The reason for supporting this functionality is that it helps improve the accuracy of the discovered causal graph, which may otherwise contain spurious or missing links due to many possible reasons such as insufficient data or data violating the causal model assumption.

We begin by importing the PriorKnowledge class object.

Note: For example usage of prior knowledge in causal discovery algorithms, see the Tabular PC tutorial and the Grow-Shrink tutorial.

[1]:
from causalai.models.common.prior_knowledge import PriorKnowledge

Tabular Data

We now show an example of how to specify prior knowledge. For this example, consider a tabular data which has 4 variables named A,B,C, and D. Suppose we want to specify that the links C->A, C->B, and D->C are forbidden (read as: C causes A, C causes B, and D causes C are forbidden). This can be done as follows.

[2]:

forbidden_links = {'A': ['C'], 'B': ['C'], 'C': ['D']} prior_knowledge = PriorKnowledge(forbidden_links=forbidden_links)

Suppose that we additionally wanted to specify that the link A->B exists. This can be done as follows:

[3]:

forbidden_links = {'A': ['C'], 'B': ['C'], 'C': ['D']} existing_links = {'B': ['A']} prior_knowledge = PriorKnowledge(forbidden_links=forbidden_links, existing_links=existing_links)

Notice that: 1. forbidden_links and existing_links are specified as dictionaries. 2. if an argument (E.g. existing_links) is not specified, it is assumed to be empty. This holds true for all the four arguments of PriorKnowledge: root_variables, leaf_variables, forbidden_links, existing_links.

Below we show how to specify root_variables and leaf_variables. Note that they are specified as lists.

For this example, suppose we want to specify that D is a leaf variable and A is a root variable.

[4]:

root_variables = ['A'] leaf_variables = ['D'] prior_knowledge = PriorKnowledge(root_variables=root_variables, leaf_variables=leaf_variables)

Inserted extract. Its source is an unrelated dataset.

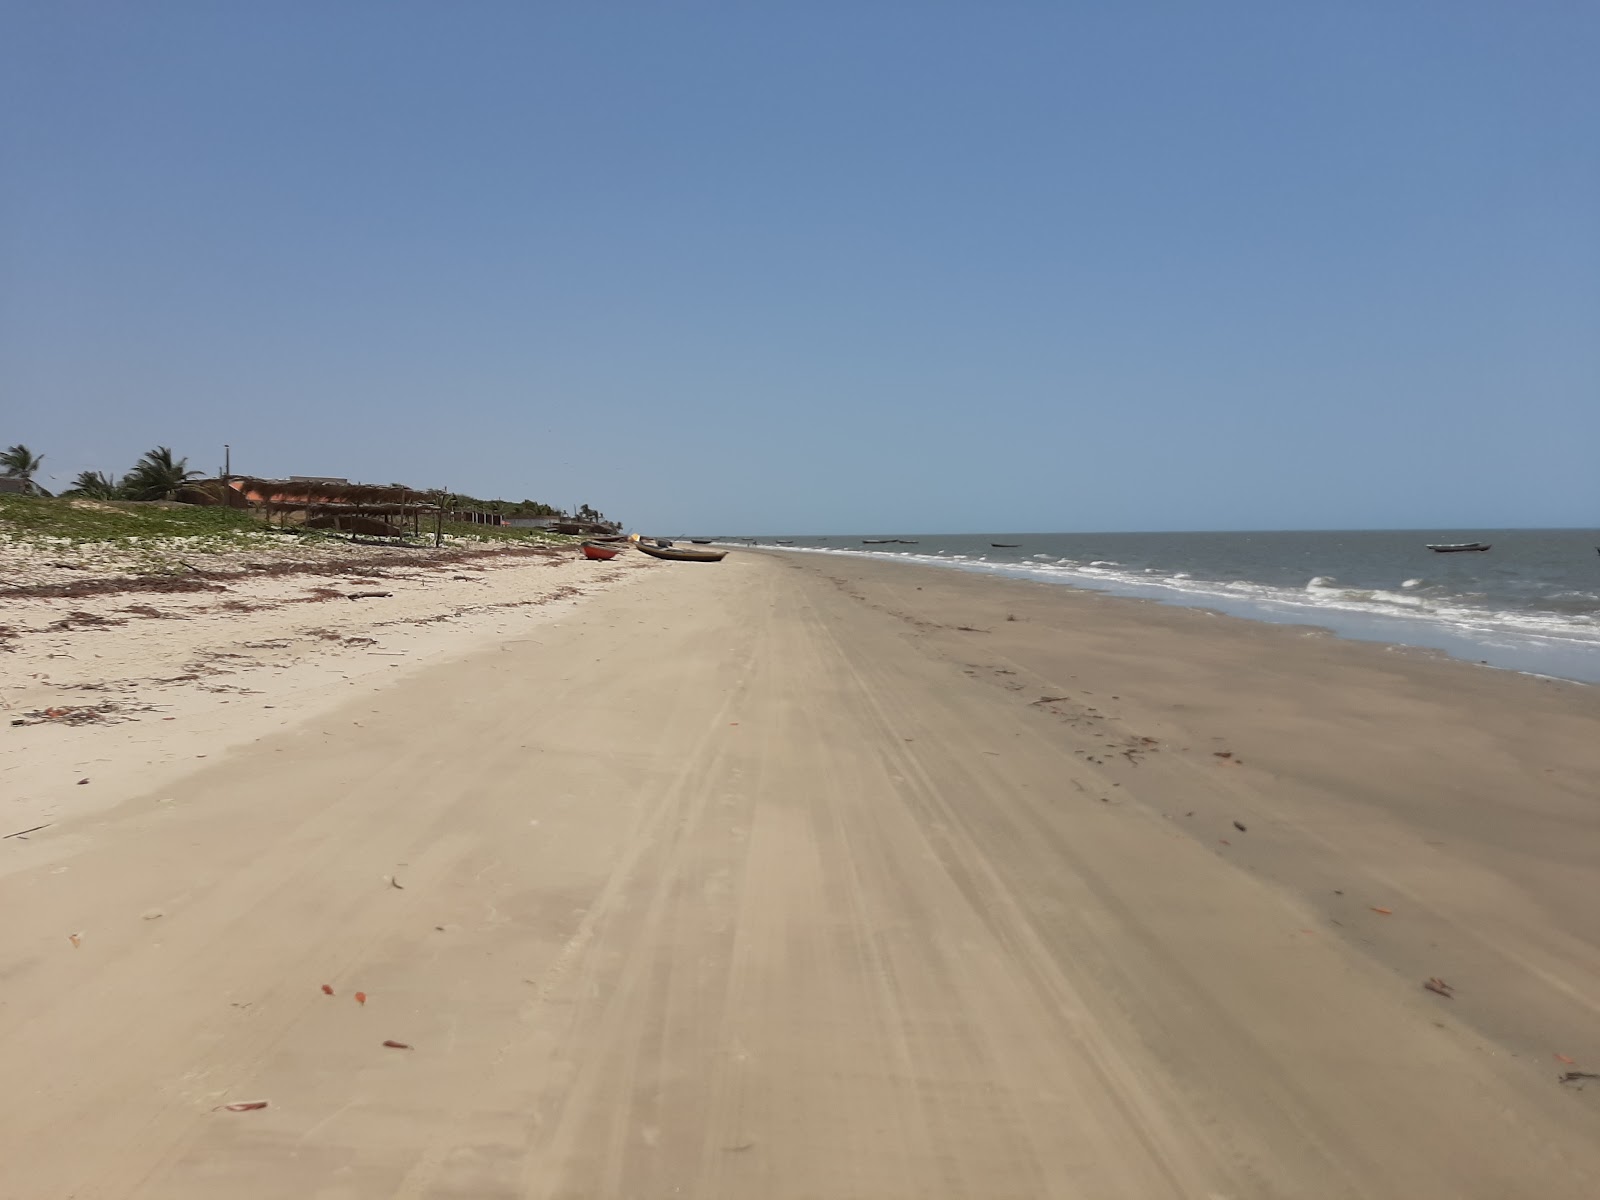 Zdjęcie Praia da Barra obszar udogodnień

PriorKnowledge also allow specification of existing and forbidden co-parents, which is used only for Markov Blanket discovery. Furthermore, PriorKnowledge attempts to deduce additional information about co-parents from other provided information (unless the user explicitly sets fix_co_parents as False) as follows:

  1. If existing_links implies some co-parent relationships, those will be added to existing_co_parents

  2. If leaf_variables forbids some co-parent relationships, those will be added as forbidden_co_parents for any variable for which this fix is requested by passing it to var_names.

Because co-parenting is a symmetric relationship, information implied by this symmetry is also added. This happens regardless of the value of fix_co_parents.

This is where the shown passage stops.